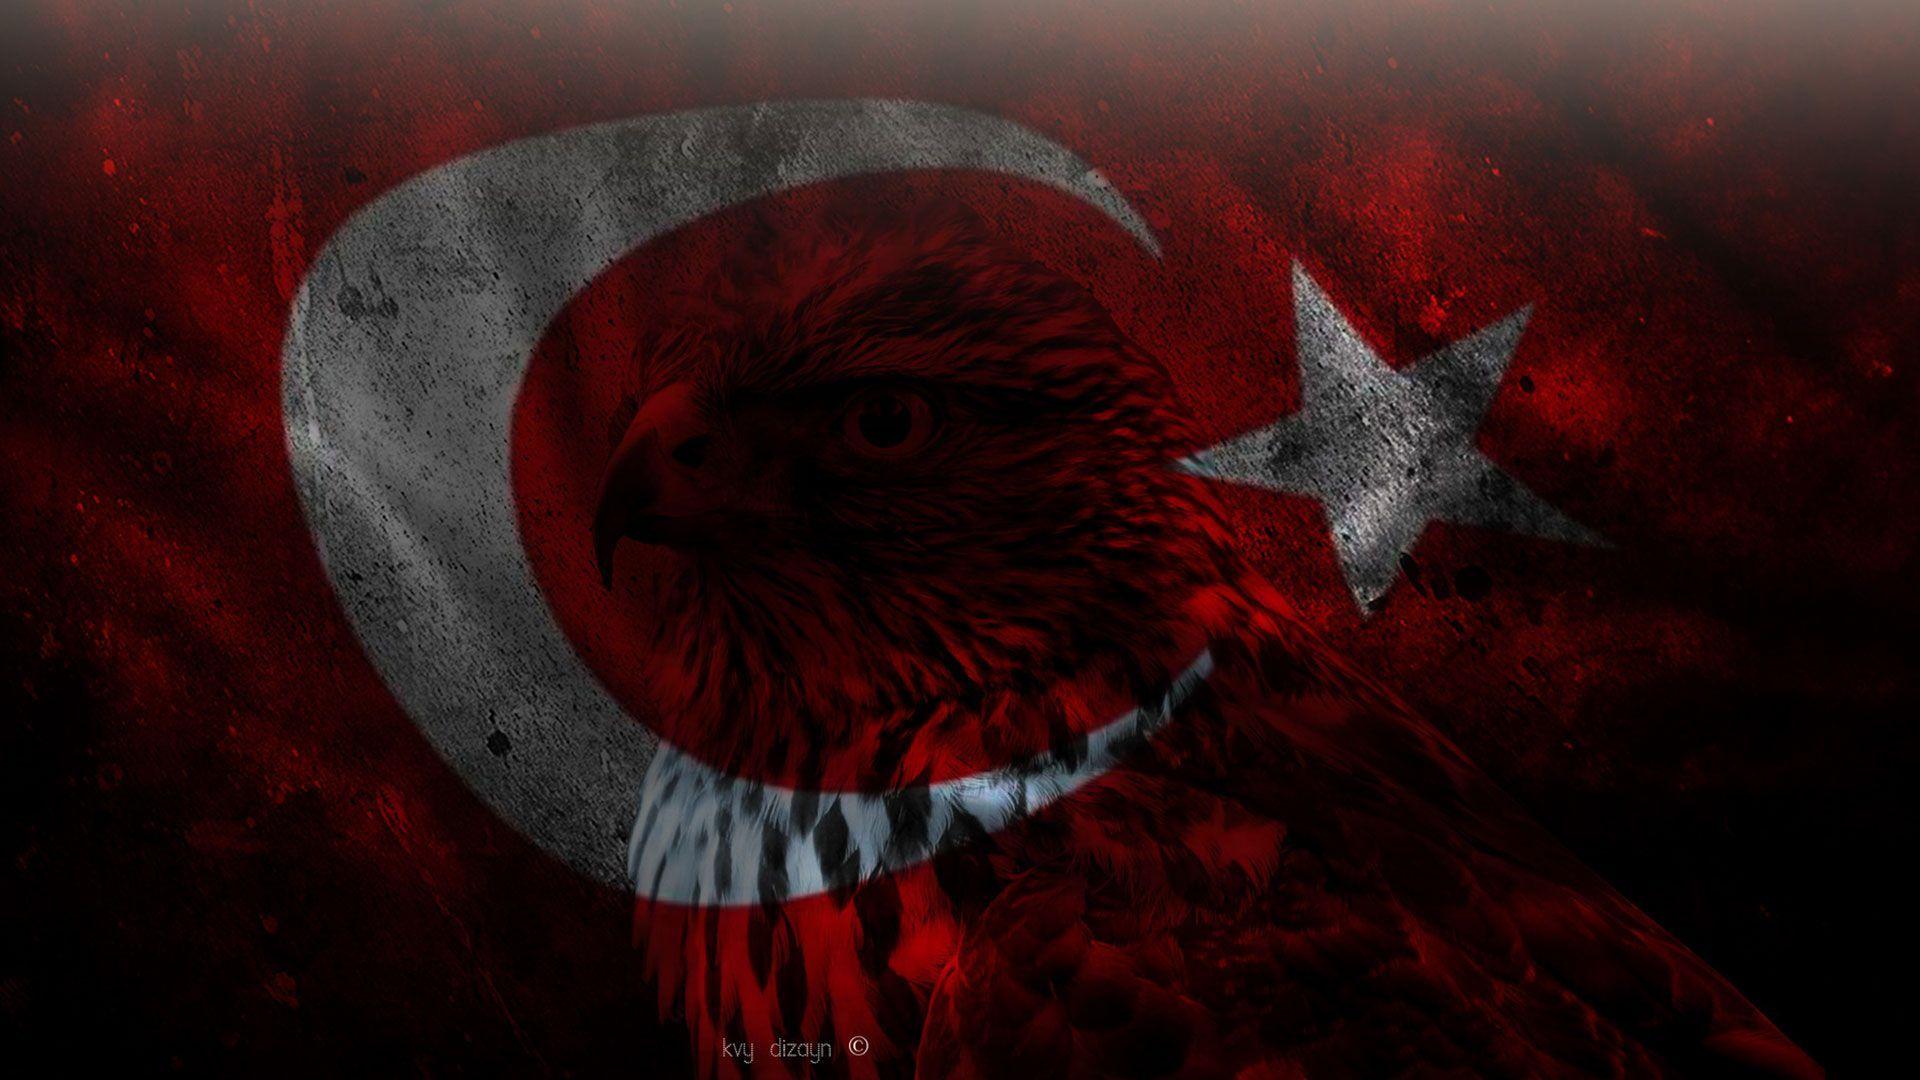 Hd Türk Bayrağı Arkaplan Resimleri Mustafa Painting Wallpaper
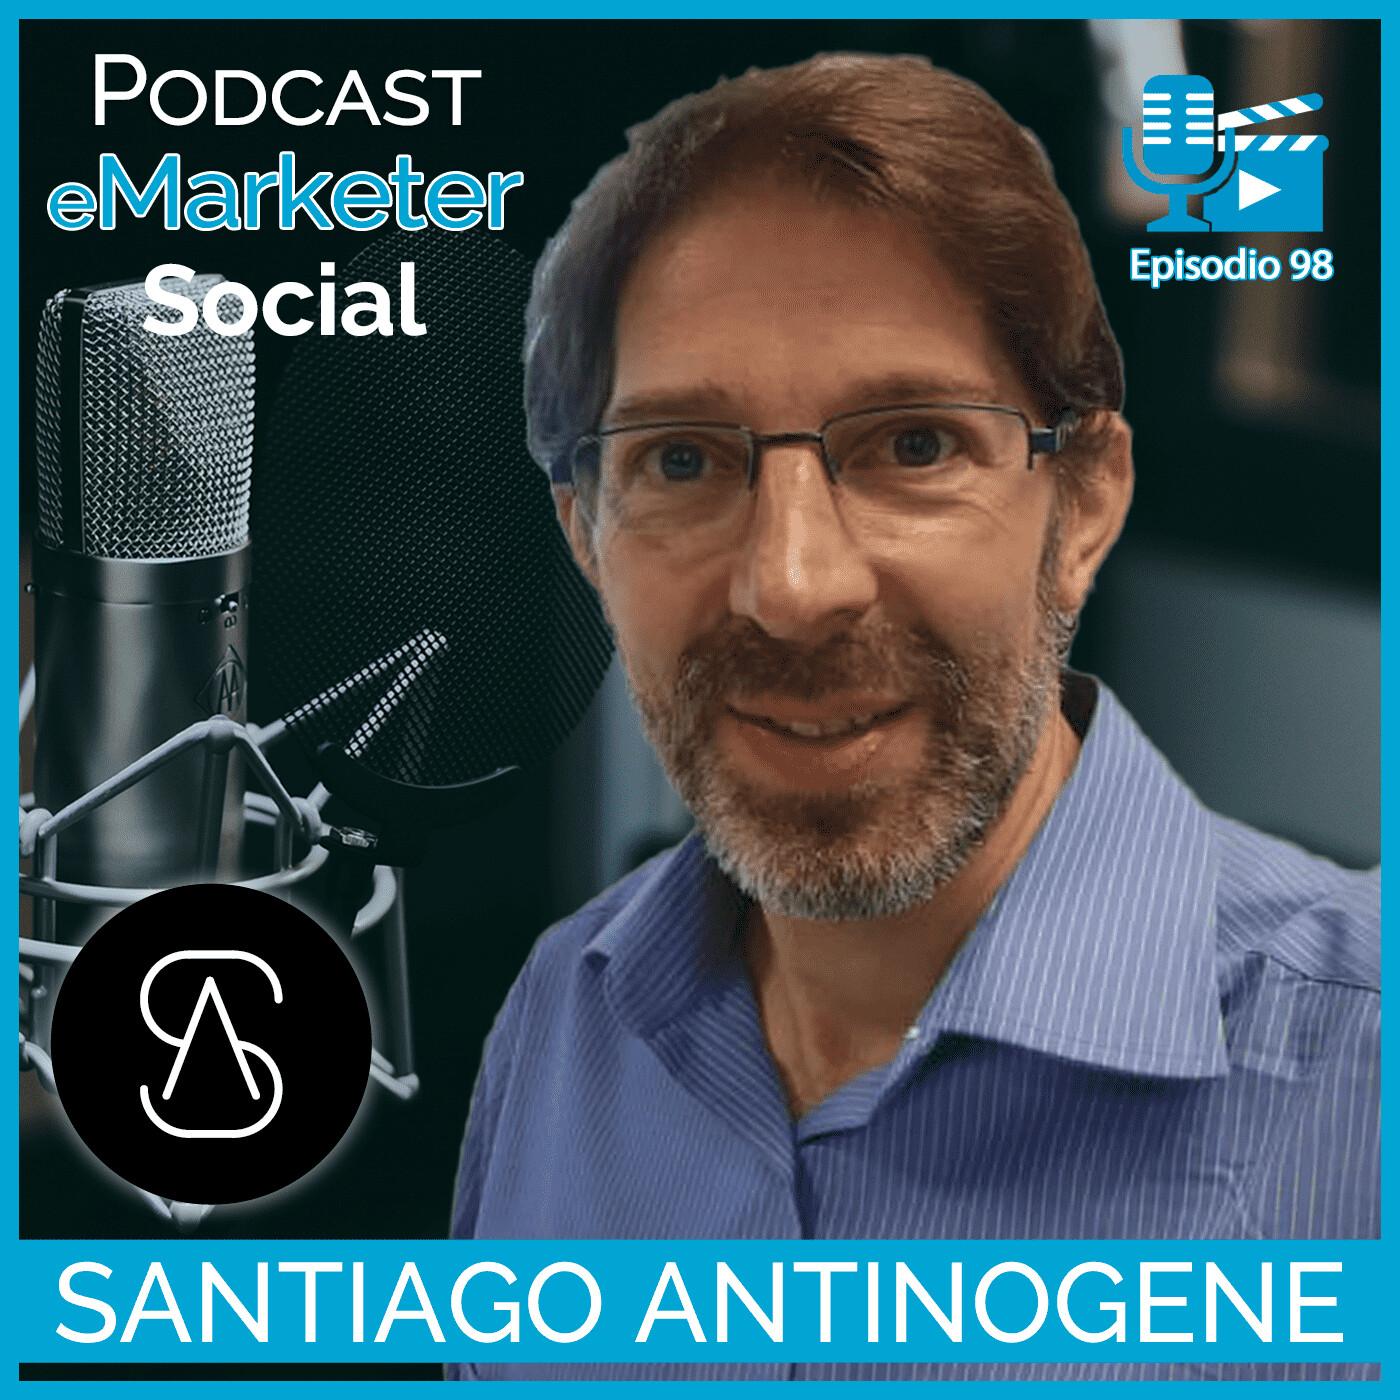 098 Santiago Antinogene (1ª parte) en Podcast eMarketerSocial
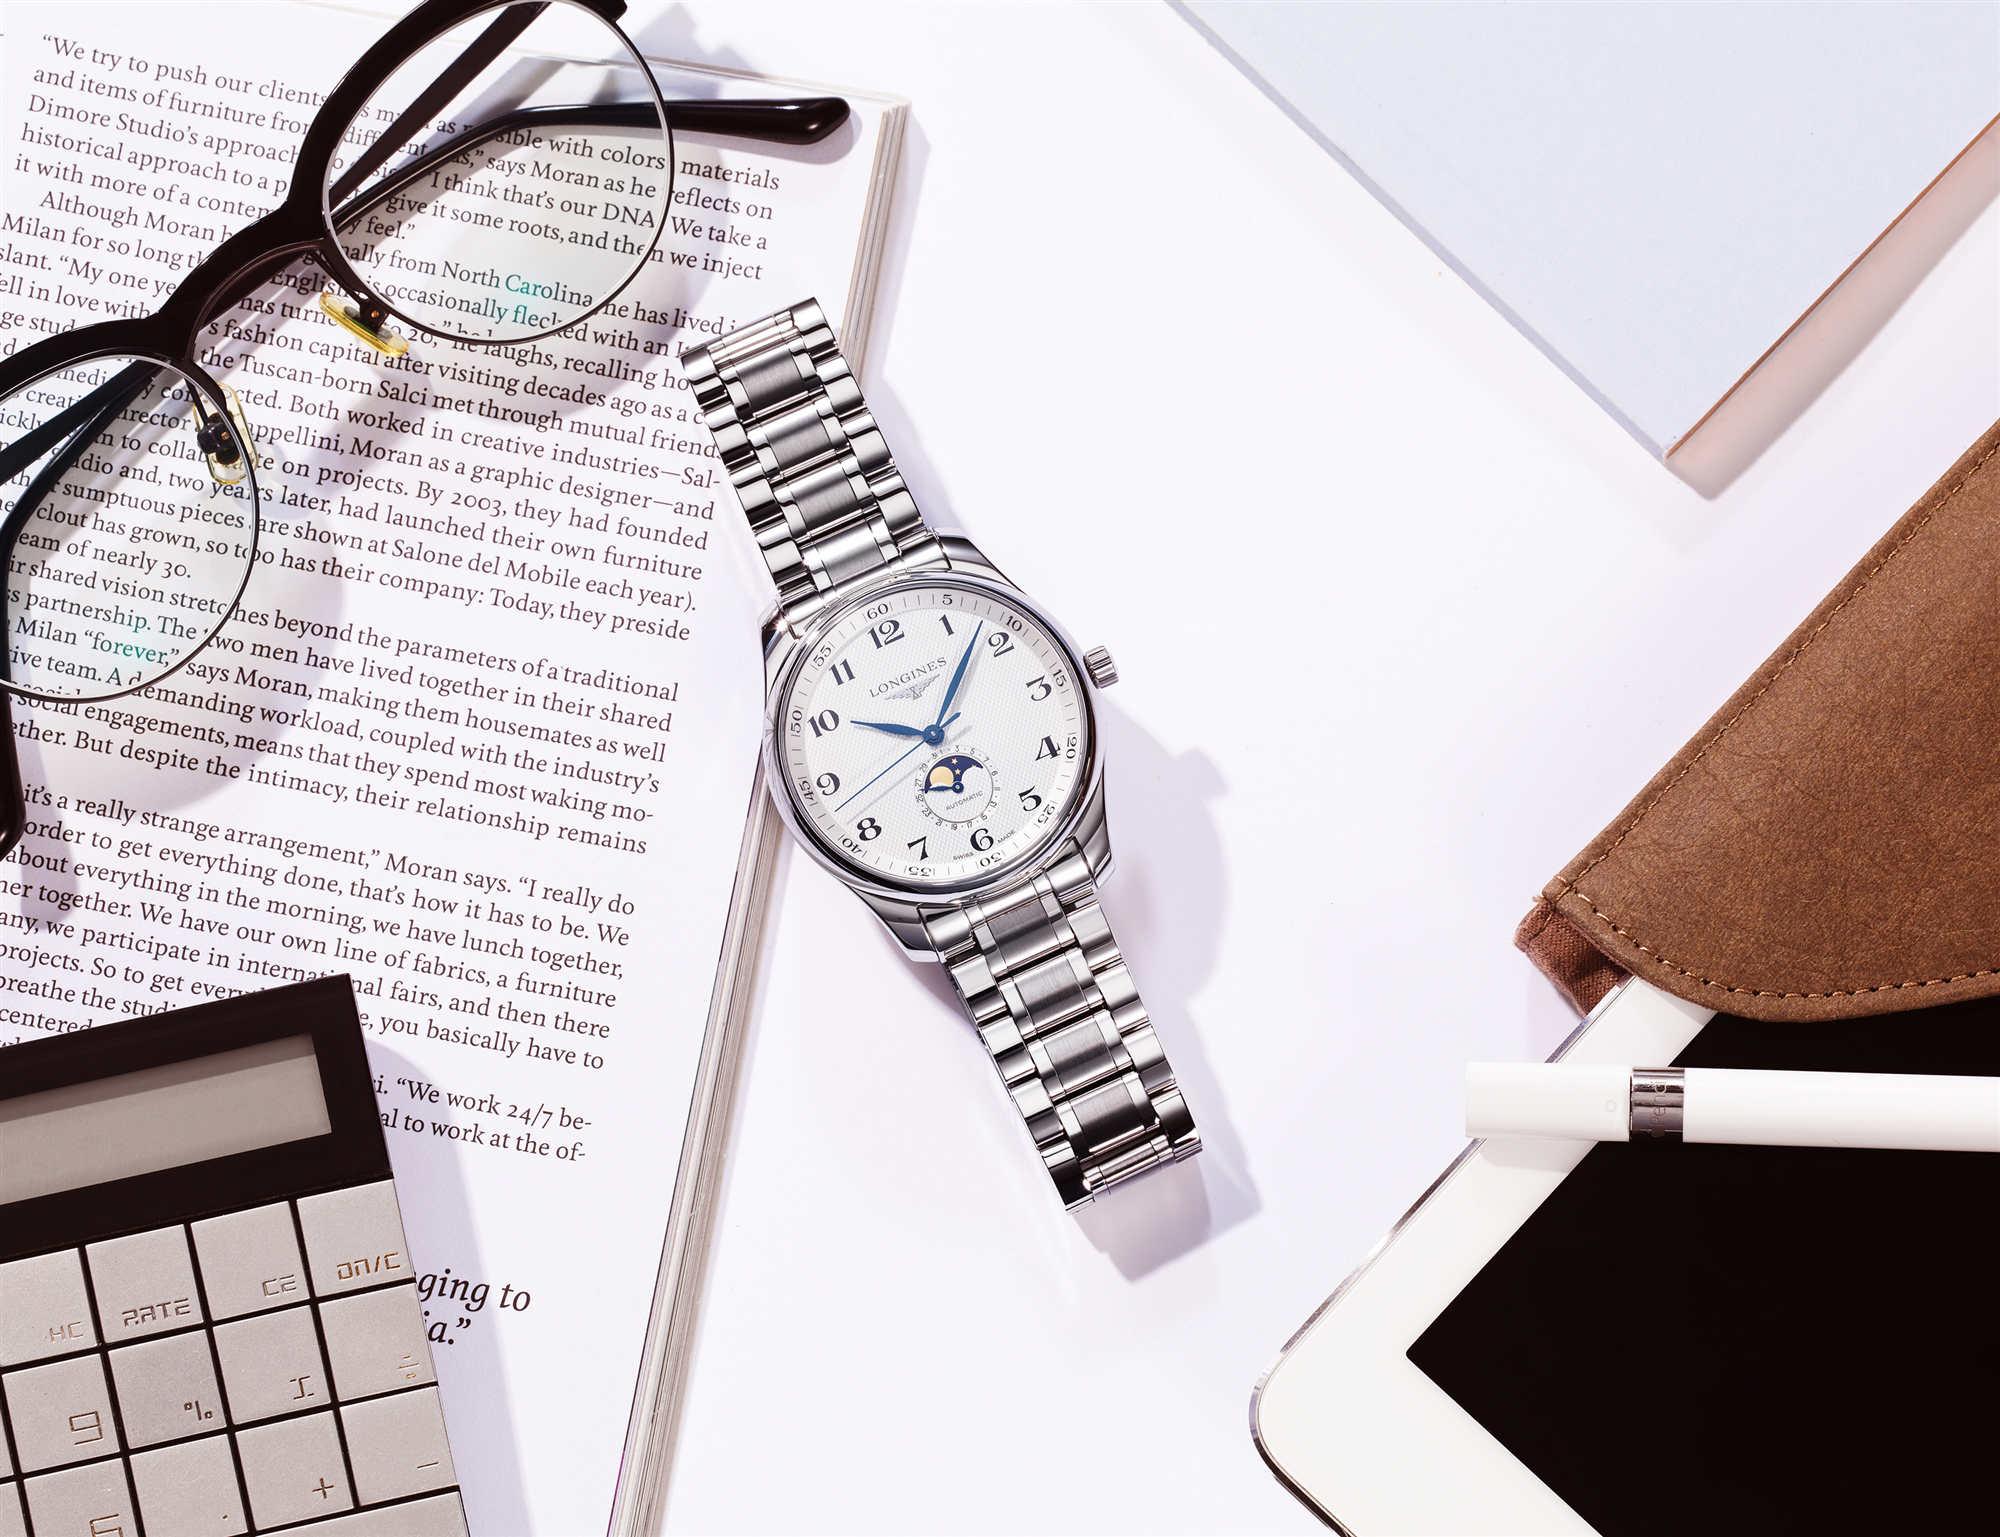 浪琴表甄选优雅腕表,打造职业自信风范

■ **WHAT THE EXERCISE ASKS**
What the answer must hold is the exact text of every line from the one containing "098 Santiago Antinogene" through the end of the data, minus any pictures.

■ **SOLUTION FOR THIS EXERCISE**
 098 Santiago Antinogene (1ª parte) en Podcast eMarketerSocial
 浪琴表甄选优雅腕表,打造职业自信风范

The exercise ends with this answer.